**Records for the exercise:**
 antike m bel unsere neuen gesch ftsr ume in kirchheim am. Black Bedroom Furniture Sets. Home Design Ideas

==

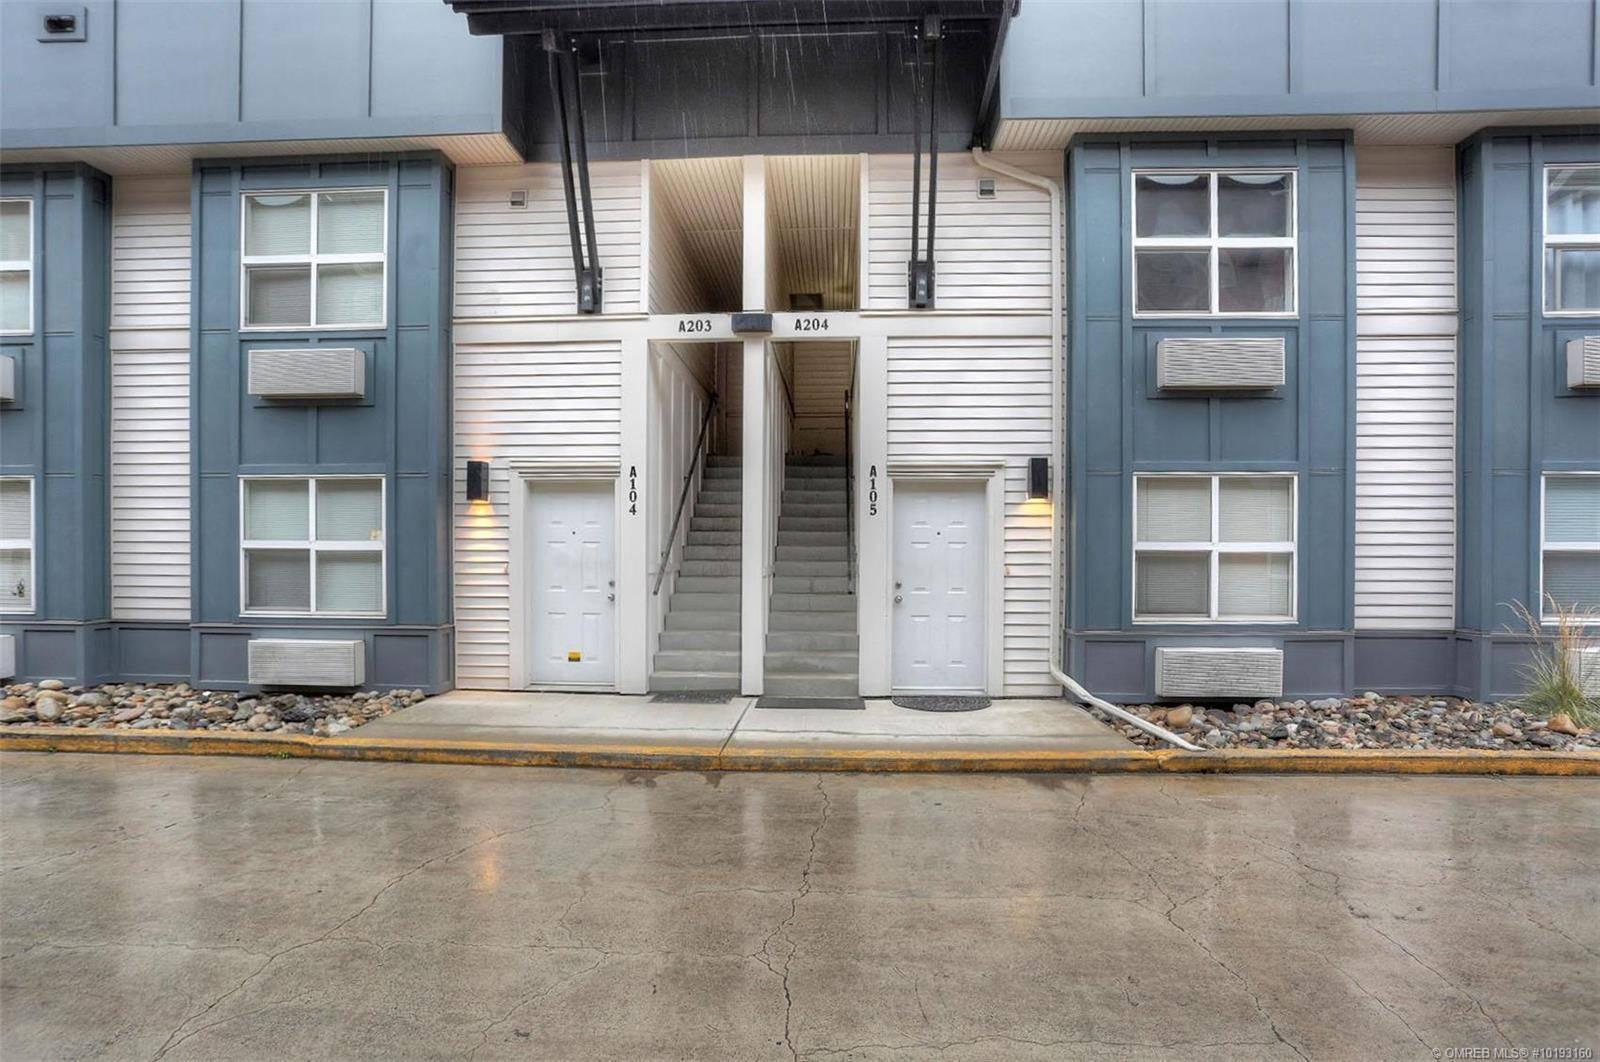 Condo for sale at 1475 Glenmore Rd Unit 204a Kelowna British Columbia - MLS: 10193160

...

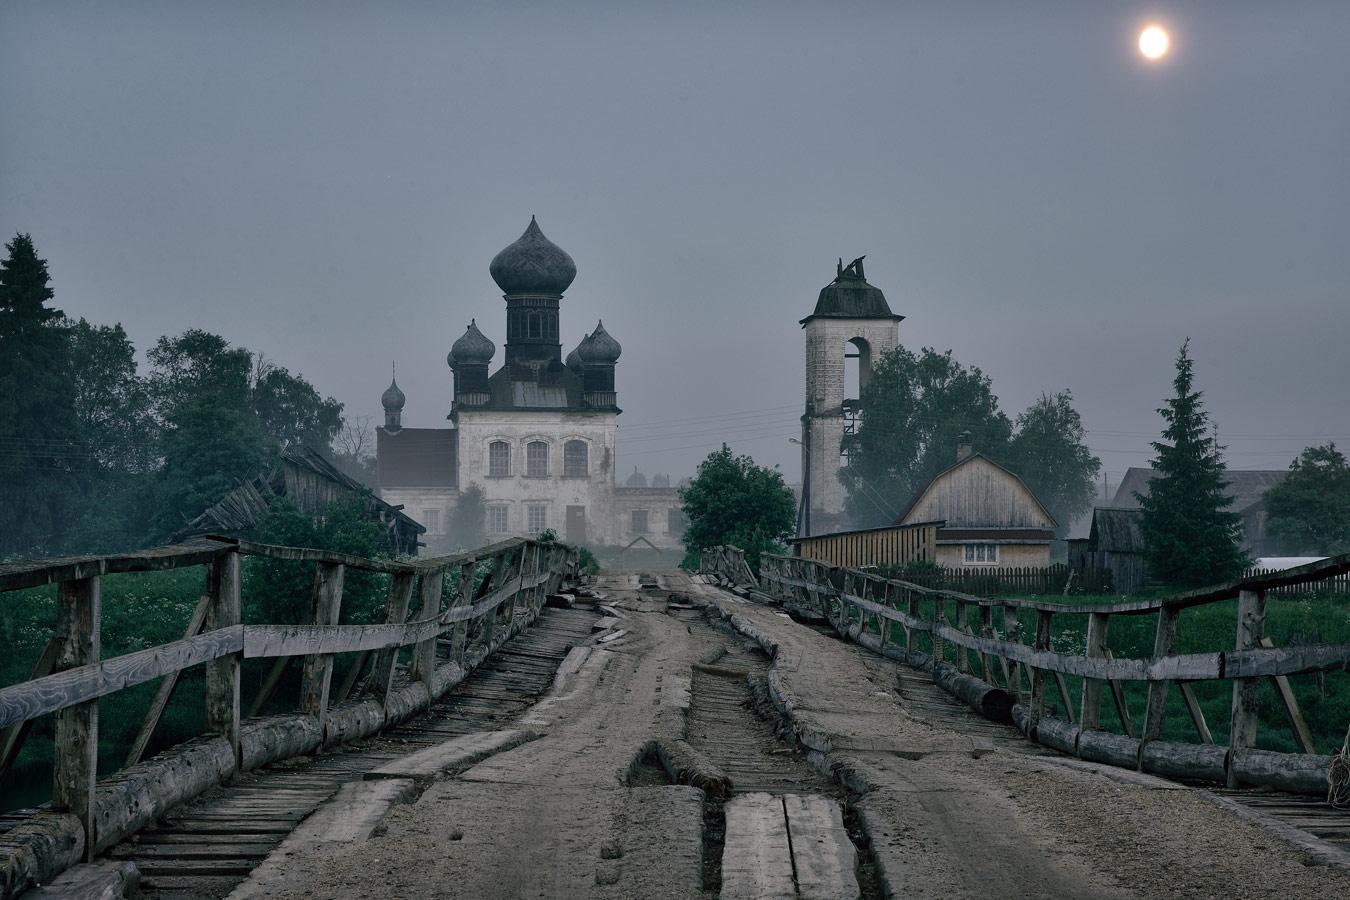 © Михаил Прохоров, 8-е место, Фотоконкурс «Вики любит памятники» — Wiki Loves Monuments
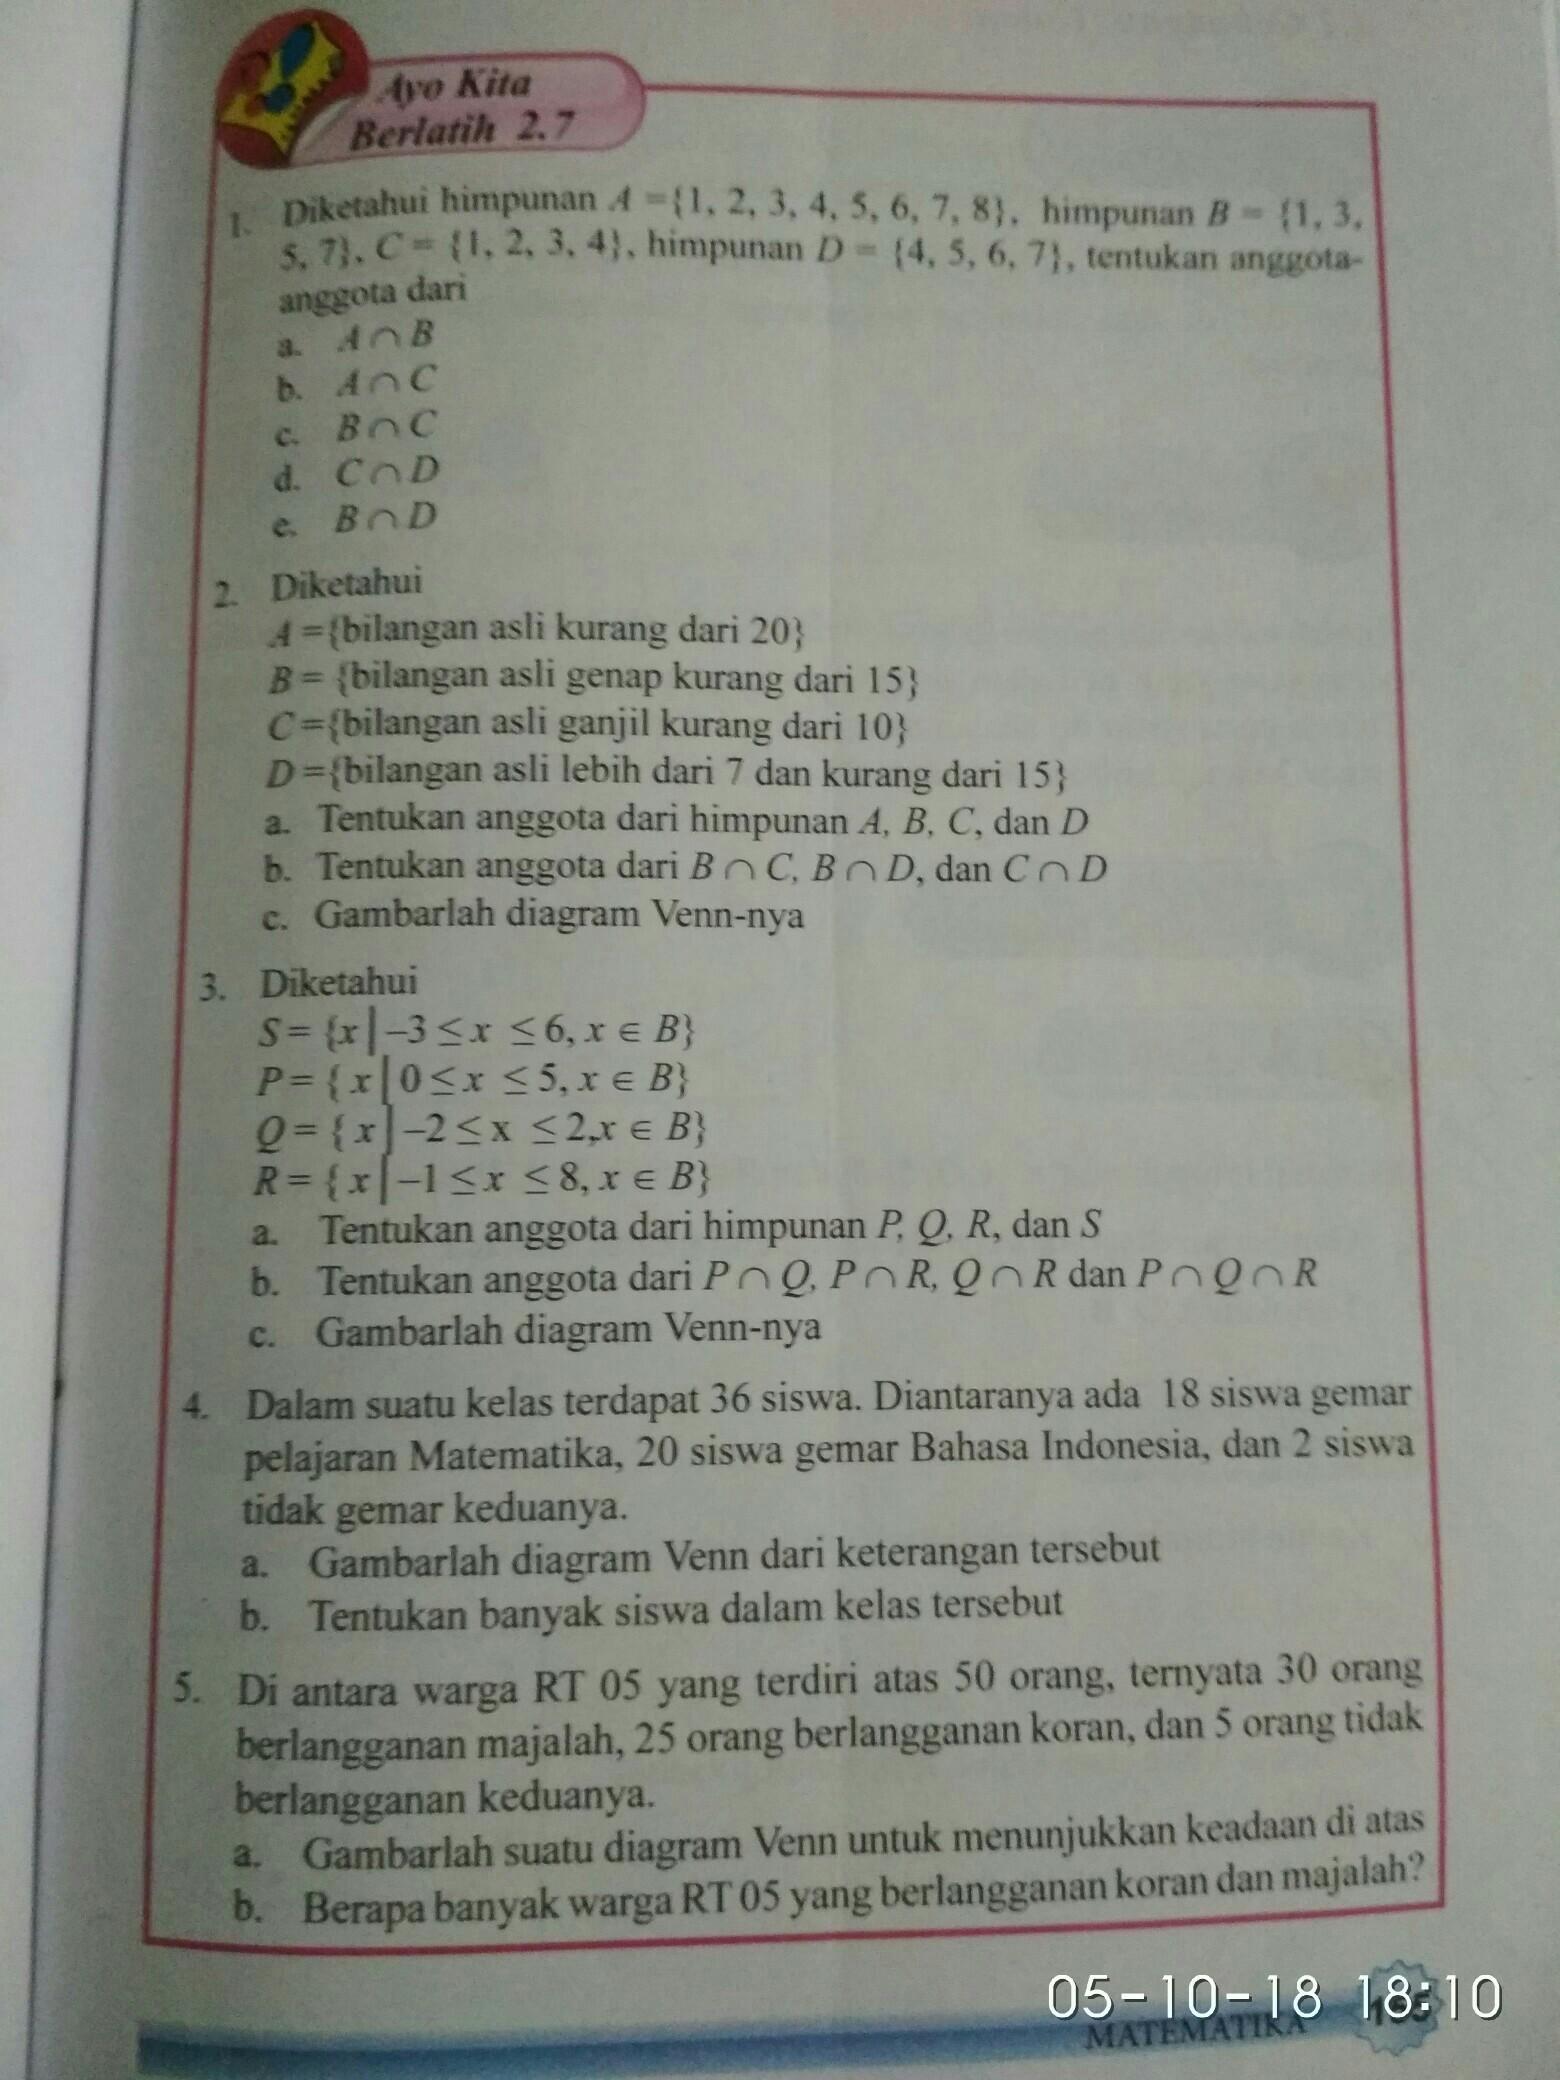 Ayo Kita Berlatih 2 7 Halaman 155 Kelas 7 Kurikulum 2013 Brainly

**Exercise prompt:** With the pictures removed, print only the lines starting at the line that has "Wiki Loves Monuments" and ending at the line that has "Ayo Kita Berlatih", both ends included, exactly as they stand above.

**Result of this task:**
 © Михаил Прохоров, 8-е место, Фотоконкурс «Вики любит памятники» — Wiki Loves Monuments
 Ayo Kita Berlatih 2 7 Halaman 155 Kelas 7 Kurikulum 2013 Brainly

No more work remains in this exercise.